The threat model for the primary use-case (validation in Spamassassin) includes
the processing of malicious email headers and dns dmarc records, potentially leading to
improper DMARC validation, denial of service or code exection on the host.
The possible injection points are generally well sanitized and validated to prevent abuse.
Minor issues related to file loading were noticed and raised upstream:
https://github.com/msimerson/mail-dmarc/issues/231

The threat model for the reporting functionality extends the above to processing
of malicious received reports (email subject, body, and attachement metadata), as
well as tampering and information disclosure due to insecure connection to external
(authenticated) SMTP/IMAP servers. In this case the user-controlled data is largely
processed with external libraries (IO::Uncompress, Email::Simple, Email::MIME,
XML::LibXML), and is thus outside the scope of this review.

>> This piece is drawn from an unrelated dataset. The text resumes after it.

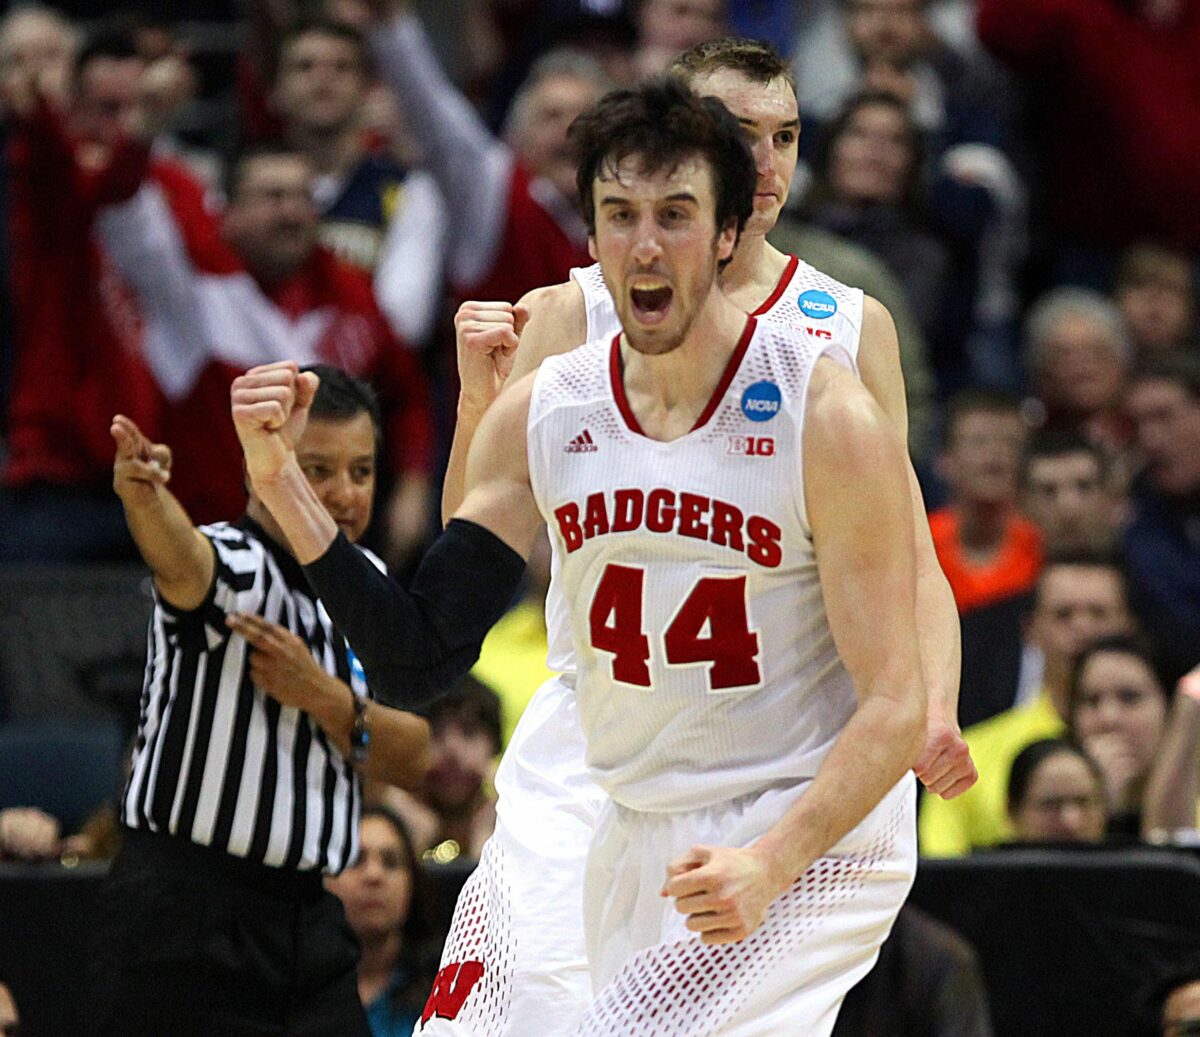 WATCH: The Wisconsin basketball game none of us will forget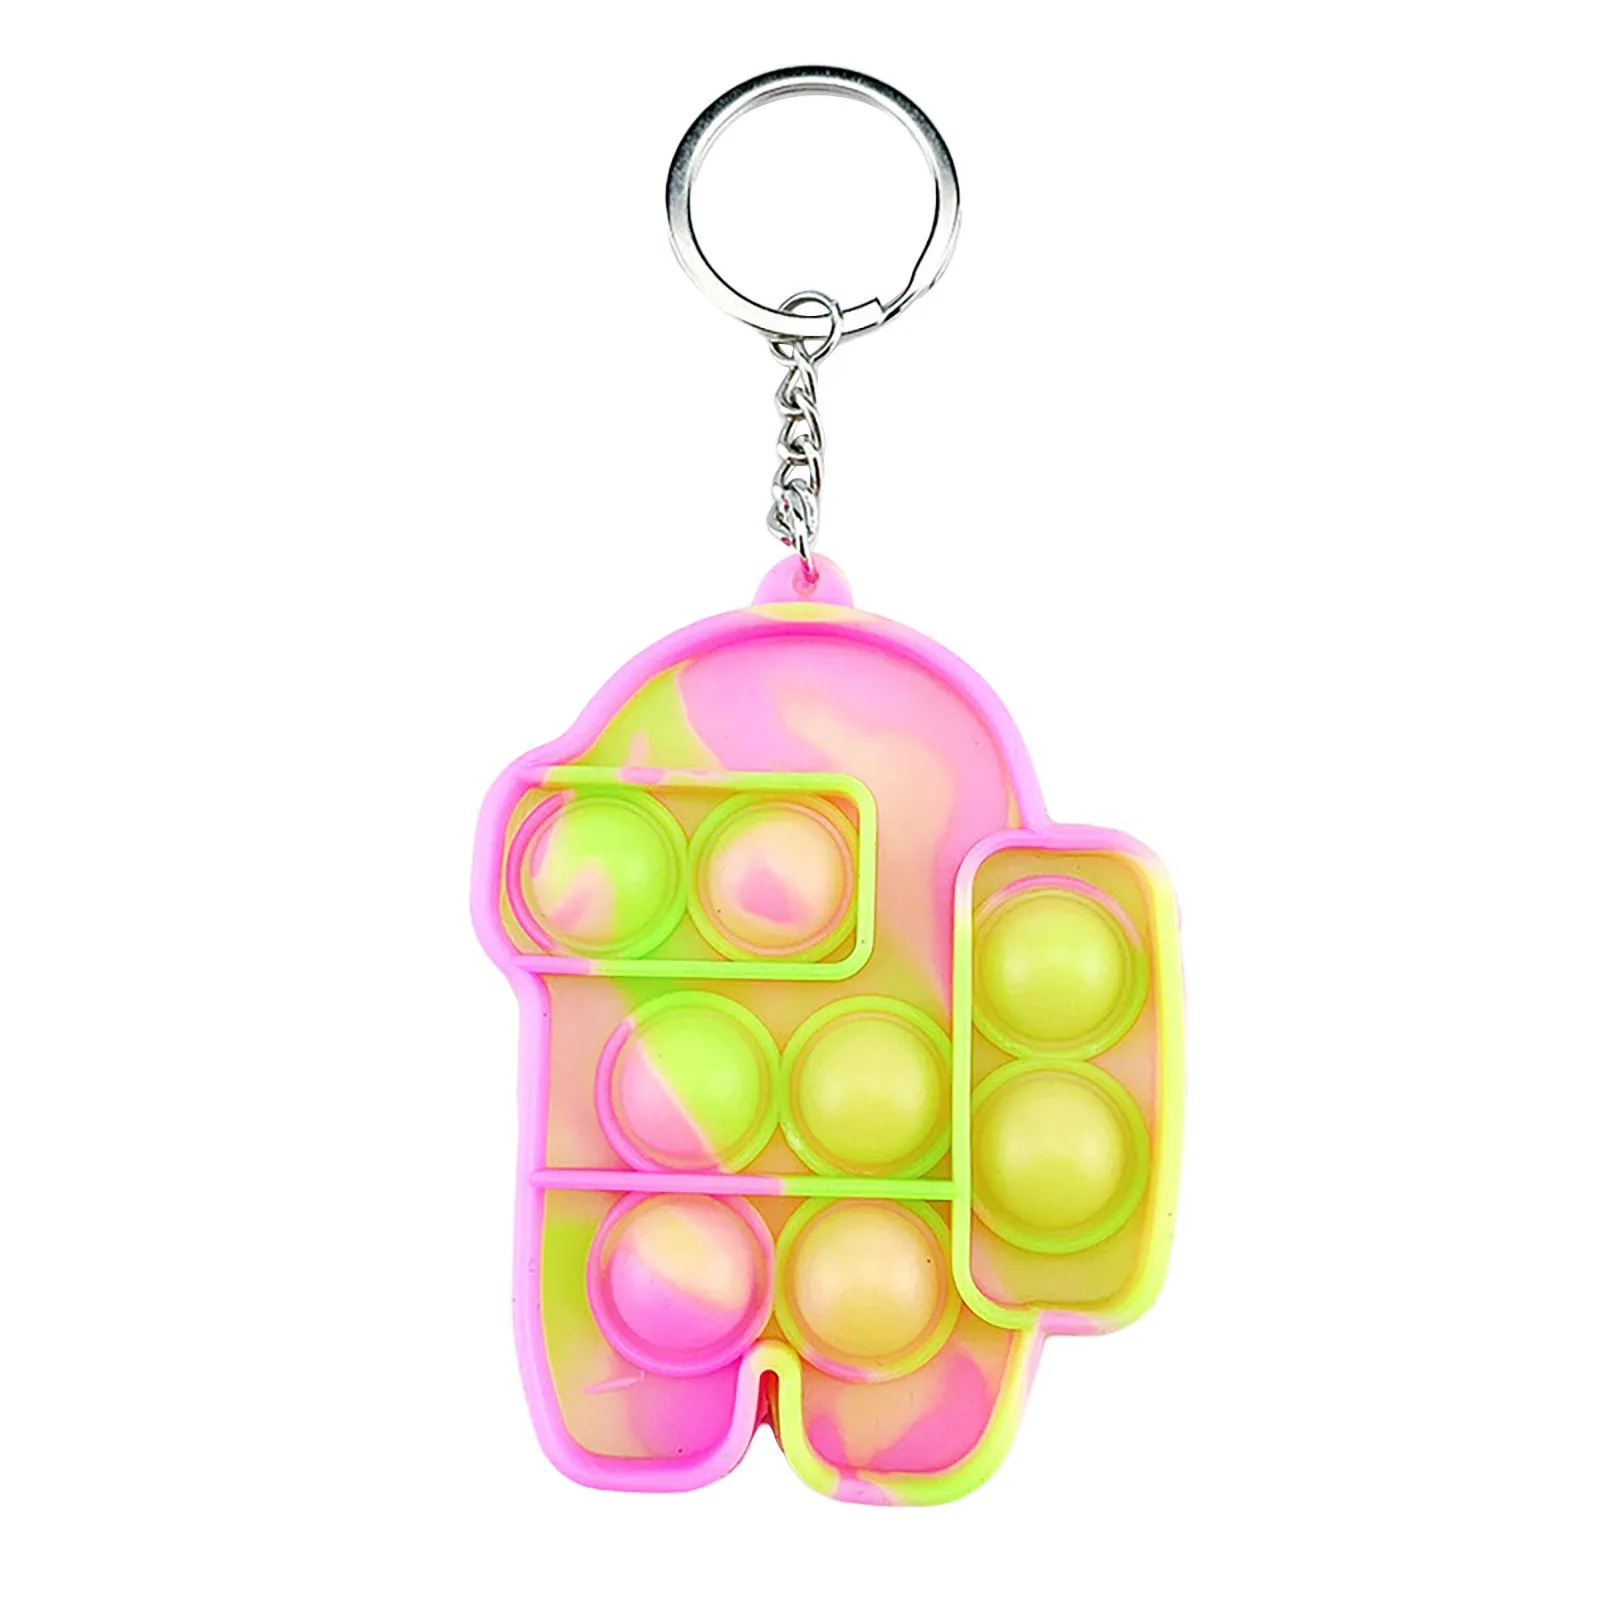 Mini Pops Simple Dimple Keychain Its Push Bubble Anxiety Sensory Fidget Toy Anti Stress Relief For Autism Adults Key Chain Toys nedo stress ball

The connection to IMAP was identified to not strictly enforce TLS, and the issue was
raised upstream: https://github.com/msimerson/mail-dmarc/issues/233

Additionally, an unsafe use of string-`eval` was discovered, which allows for
arbitrary code execution and possibly privilege escalation in the unlikely scenario
that the library is executed in a privileged context AND
in a world-writable direcory (e.g. root runs `dmarc_view_reports` in /tmp).
Upstream issue: https://github.com/msimerson/mail-dmarc/issues/234

The upstream maintainer responded promptly is resolving the issues.

Security team ACK for promoting libmail-dmarc-perl to main. This is irrespective
of the decision on whether the Email::MIME dependency is to be replaced or not.